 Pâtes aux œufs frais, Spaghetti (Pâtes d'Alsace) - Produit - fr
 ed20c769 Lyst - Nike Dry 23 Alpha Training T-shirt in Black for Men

---

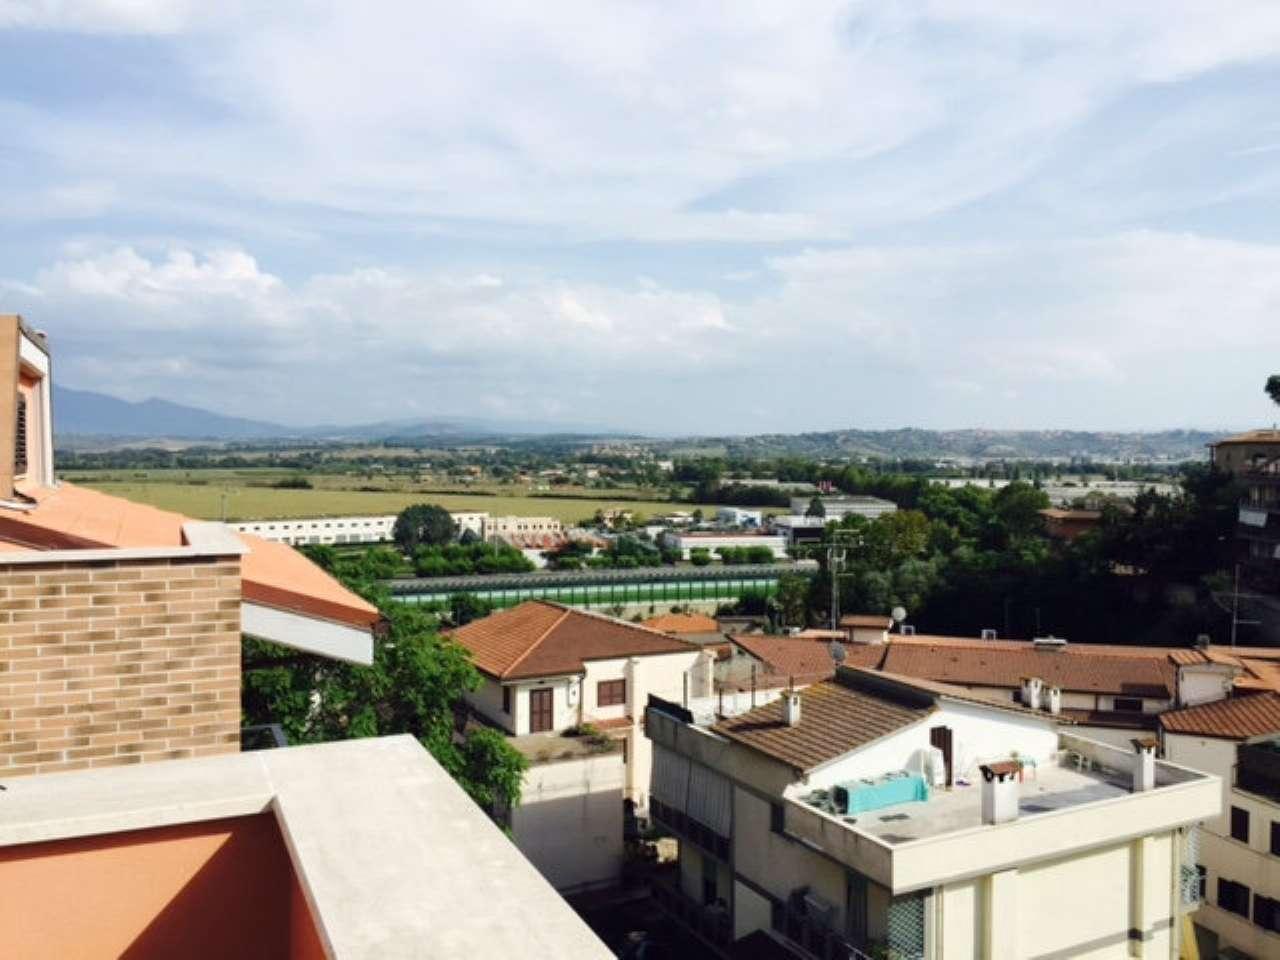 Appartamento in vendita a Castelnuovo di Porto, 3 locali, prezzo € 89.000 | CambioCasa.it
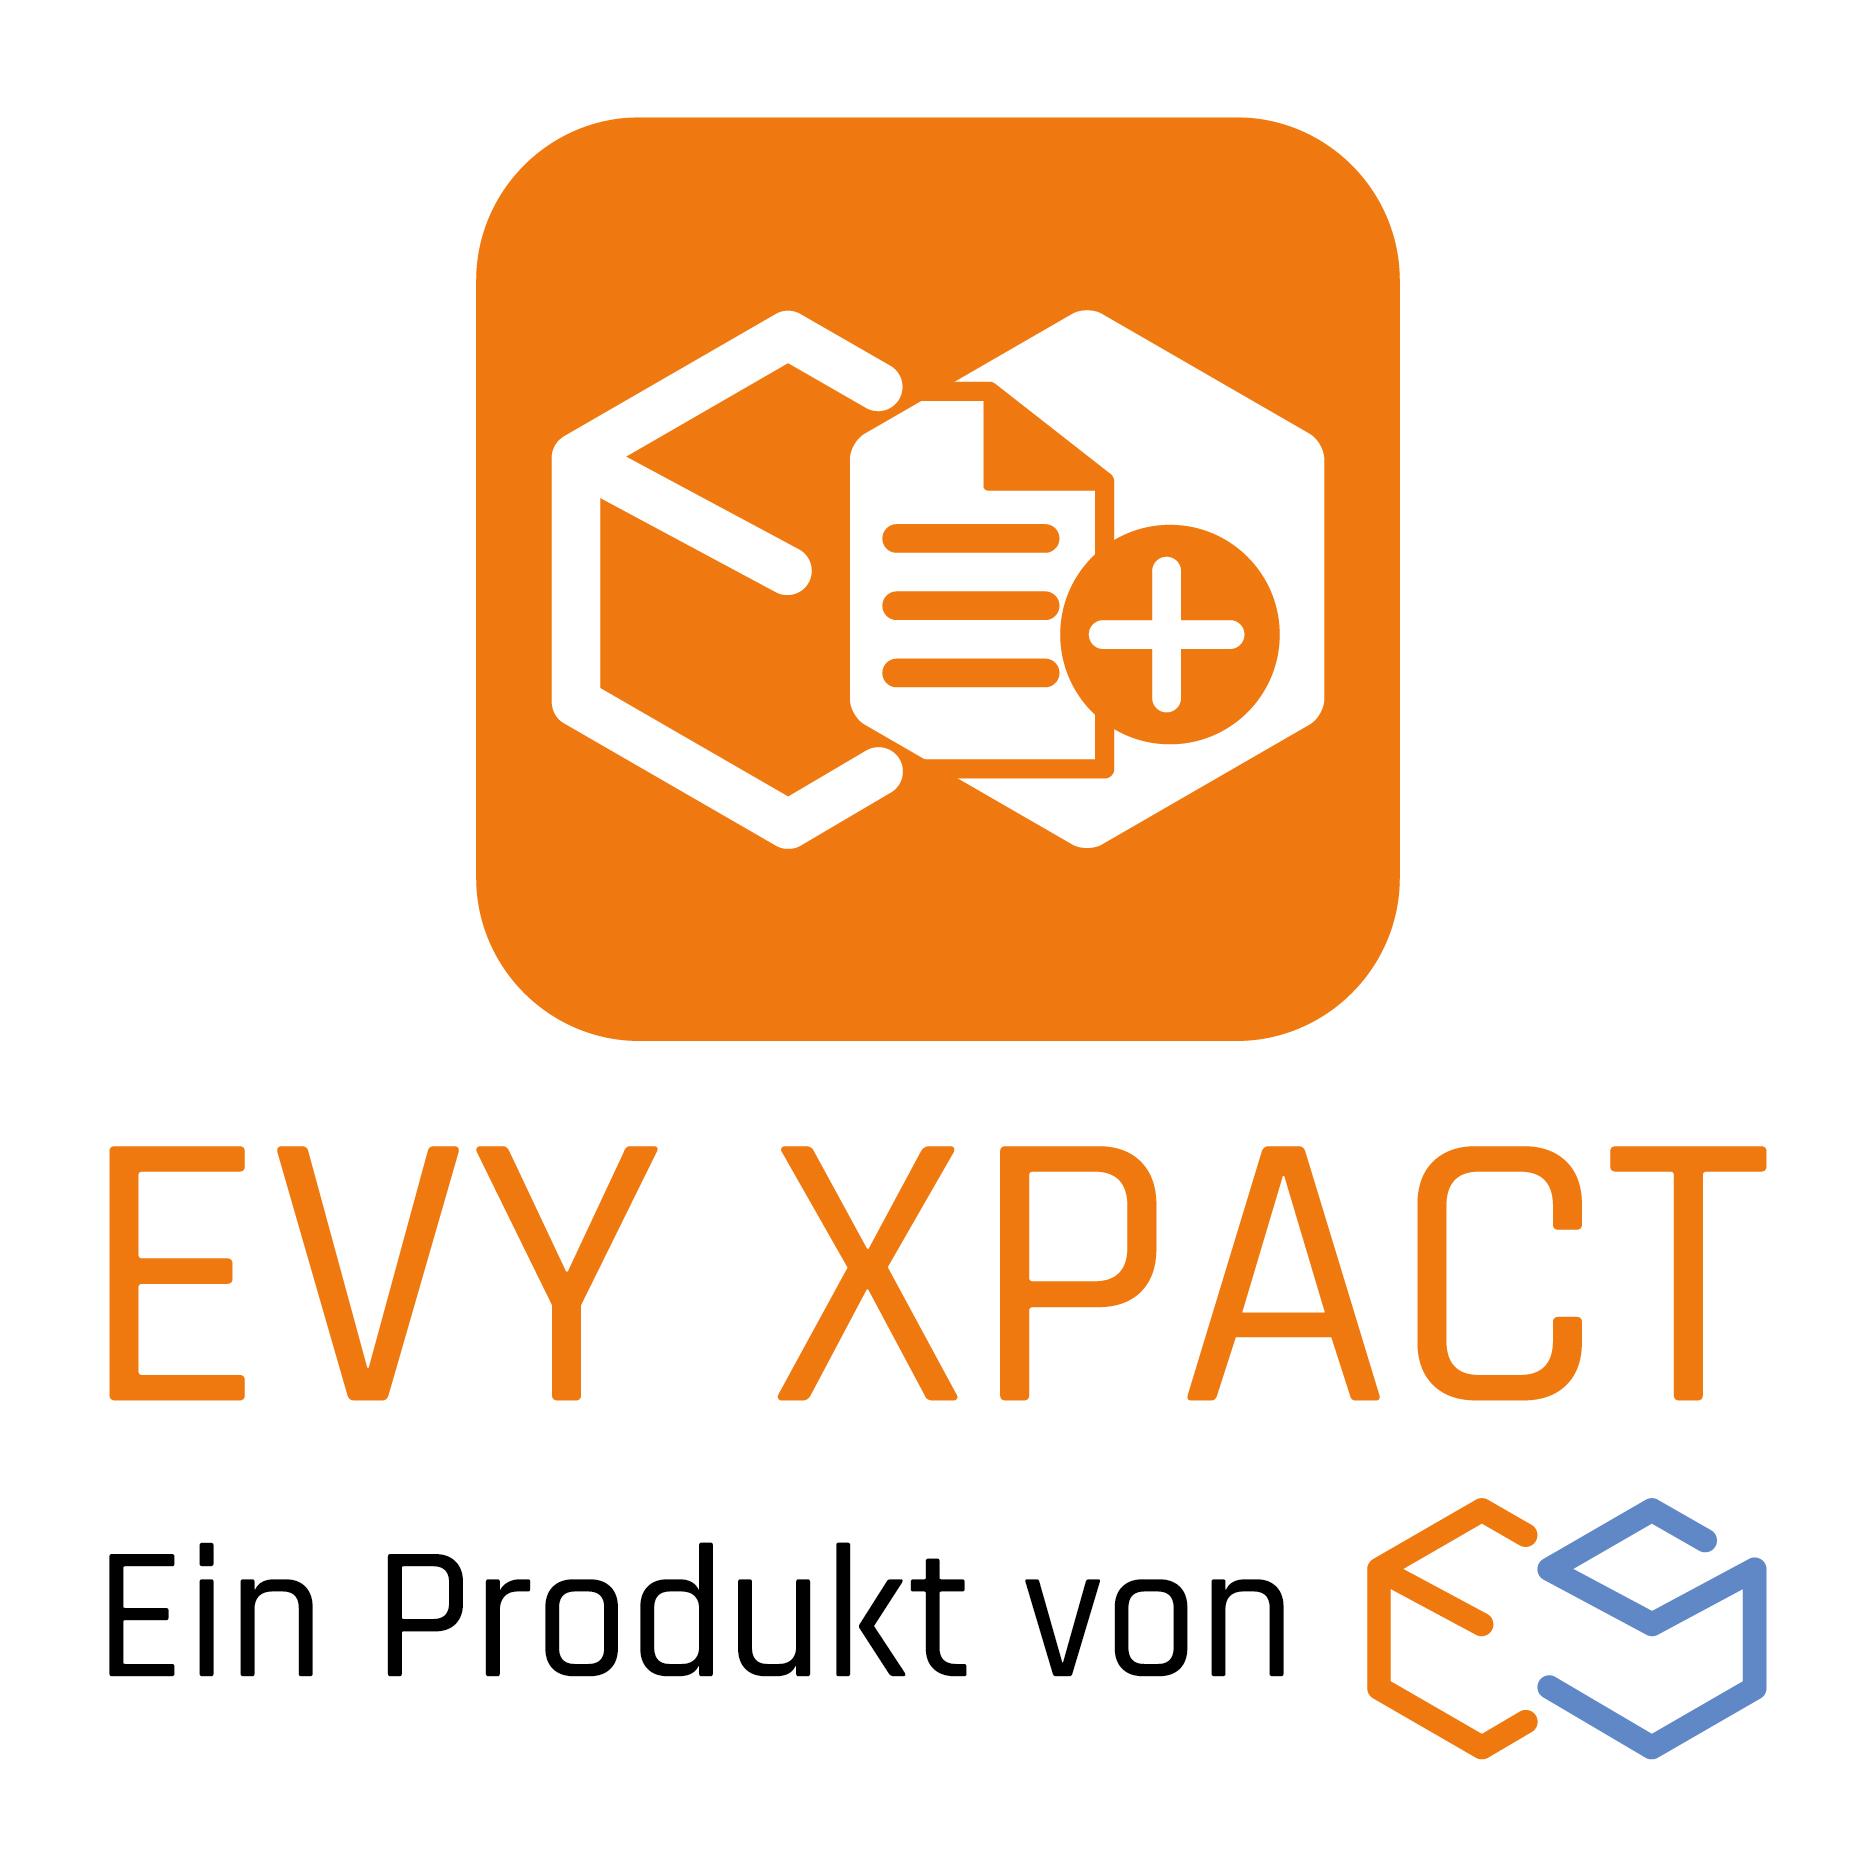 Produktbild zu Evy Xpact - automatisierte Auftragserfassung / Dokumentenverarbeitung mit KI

==

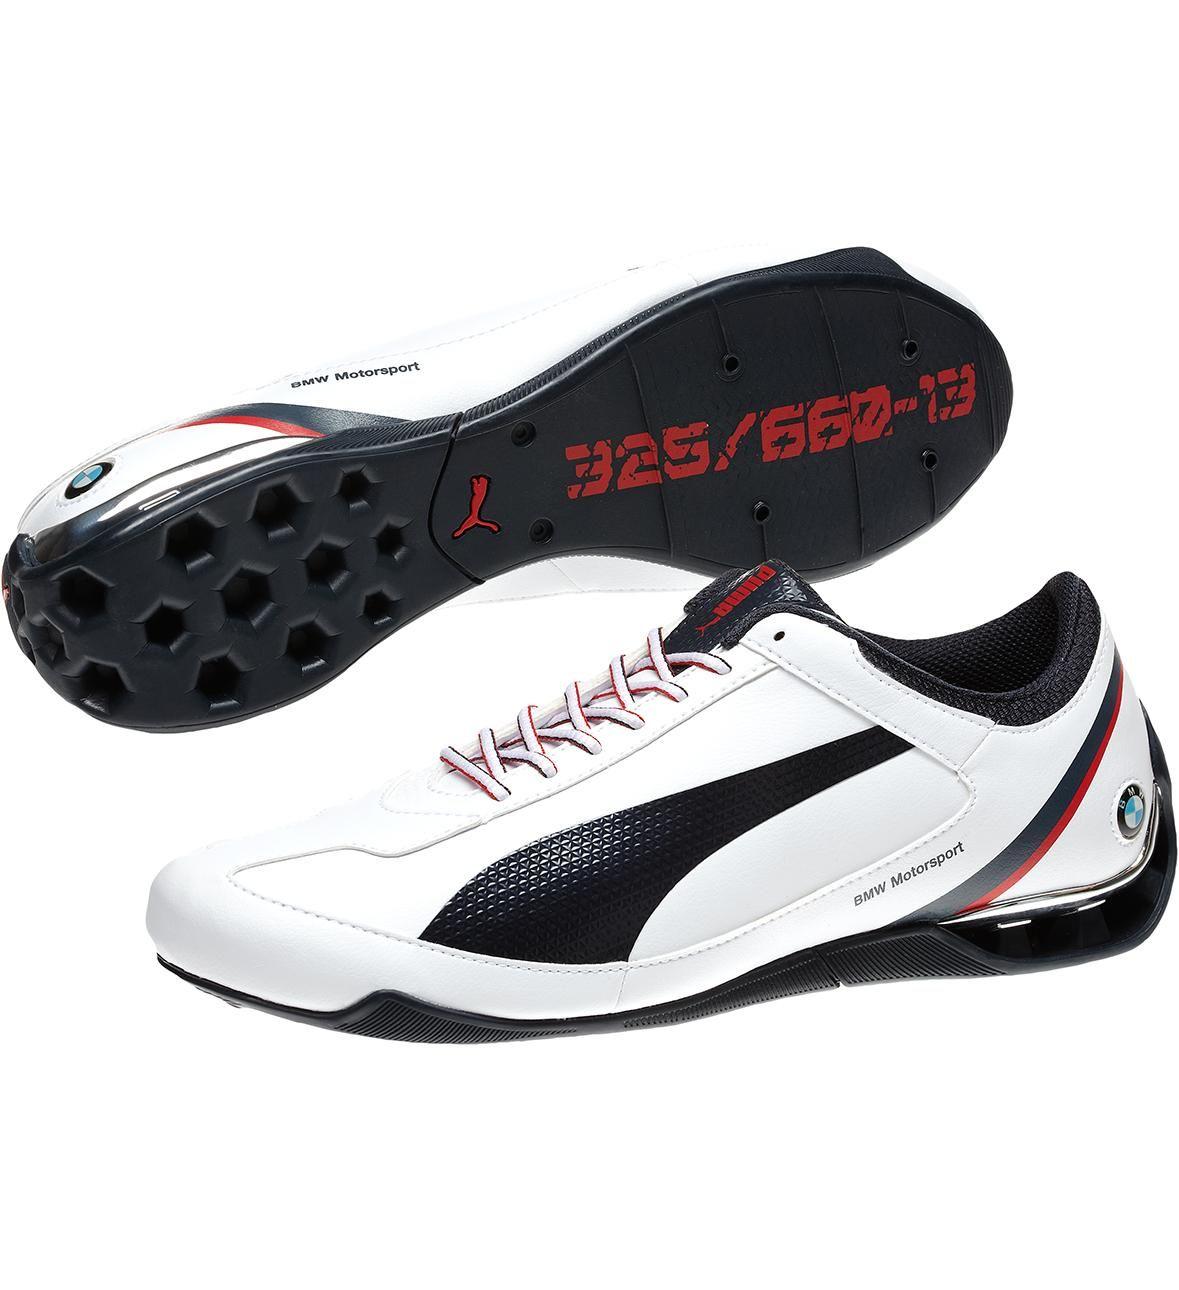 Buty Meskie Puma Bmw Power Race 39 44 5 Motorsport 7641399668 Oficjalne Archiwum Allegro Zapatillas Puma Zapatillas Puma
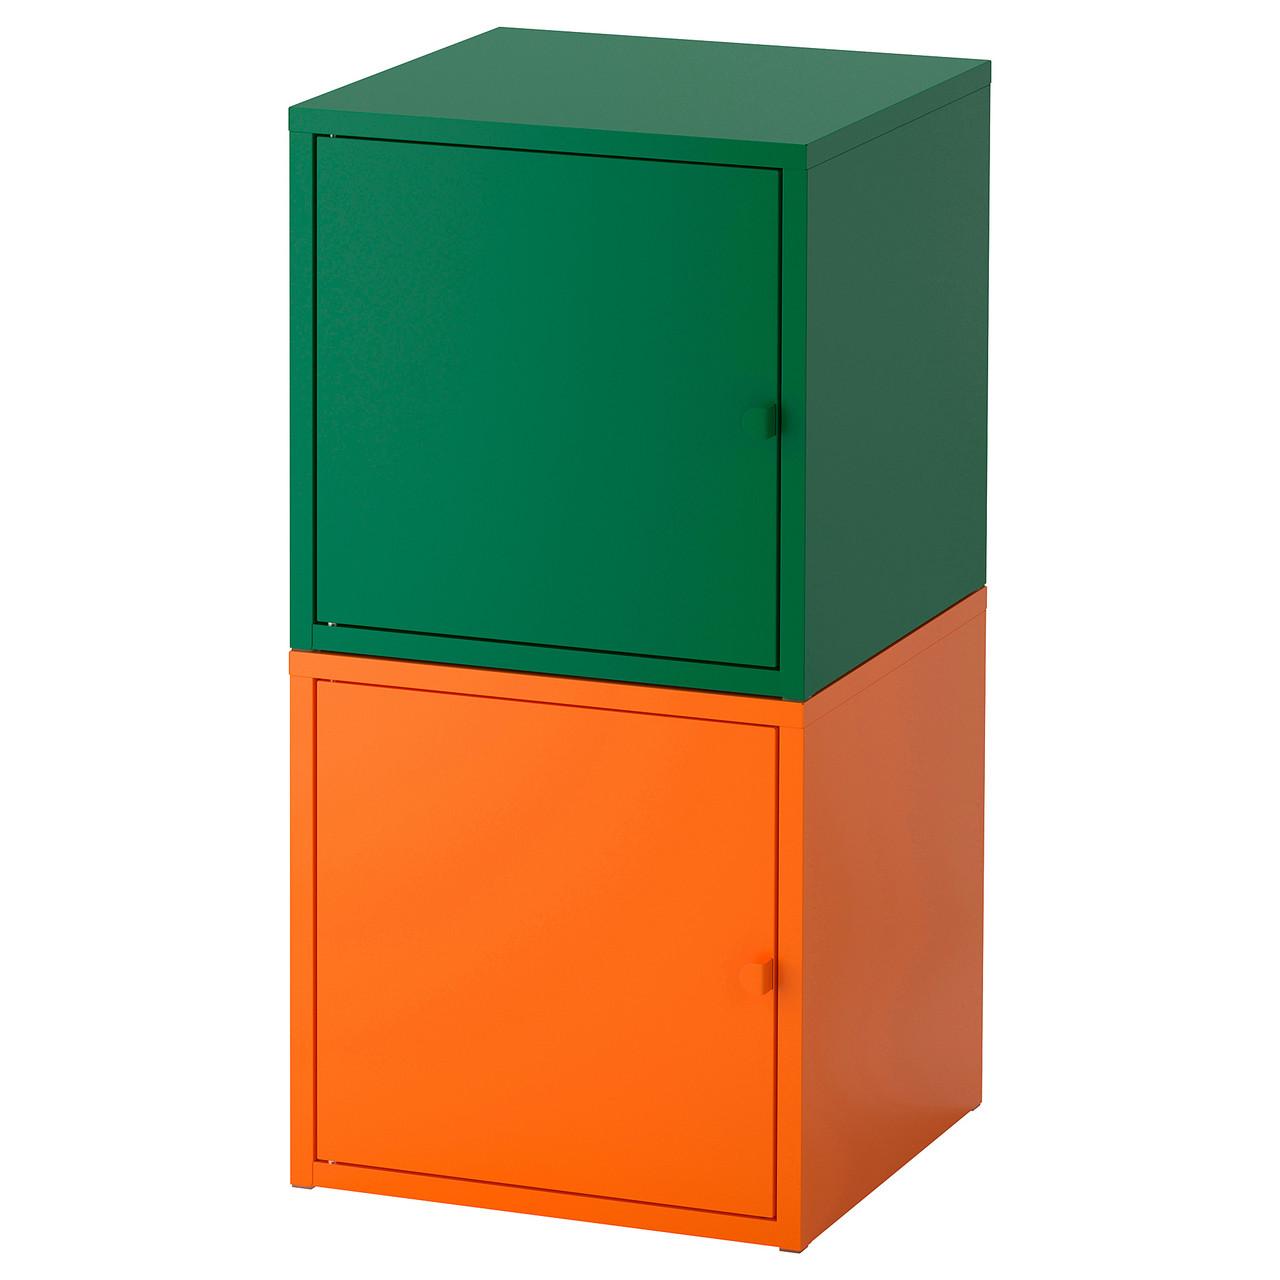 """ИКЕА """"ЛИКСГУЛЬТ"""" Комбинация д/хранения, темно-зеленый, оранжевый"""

*Problem*: Above are the records; copy exactly the lines from the line with "Pâtes aux œufs" through the line with "ed20c769 Lyst - Nike", both included.

*Exercise solution*:
 Pâtes aux œufs frais, Spaghetti (Pâtes d'Alsace) - Produit - fr
 ed20c769 Lyst - Nike Dry 23 Alpha Training T-shirt in Black for Men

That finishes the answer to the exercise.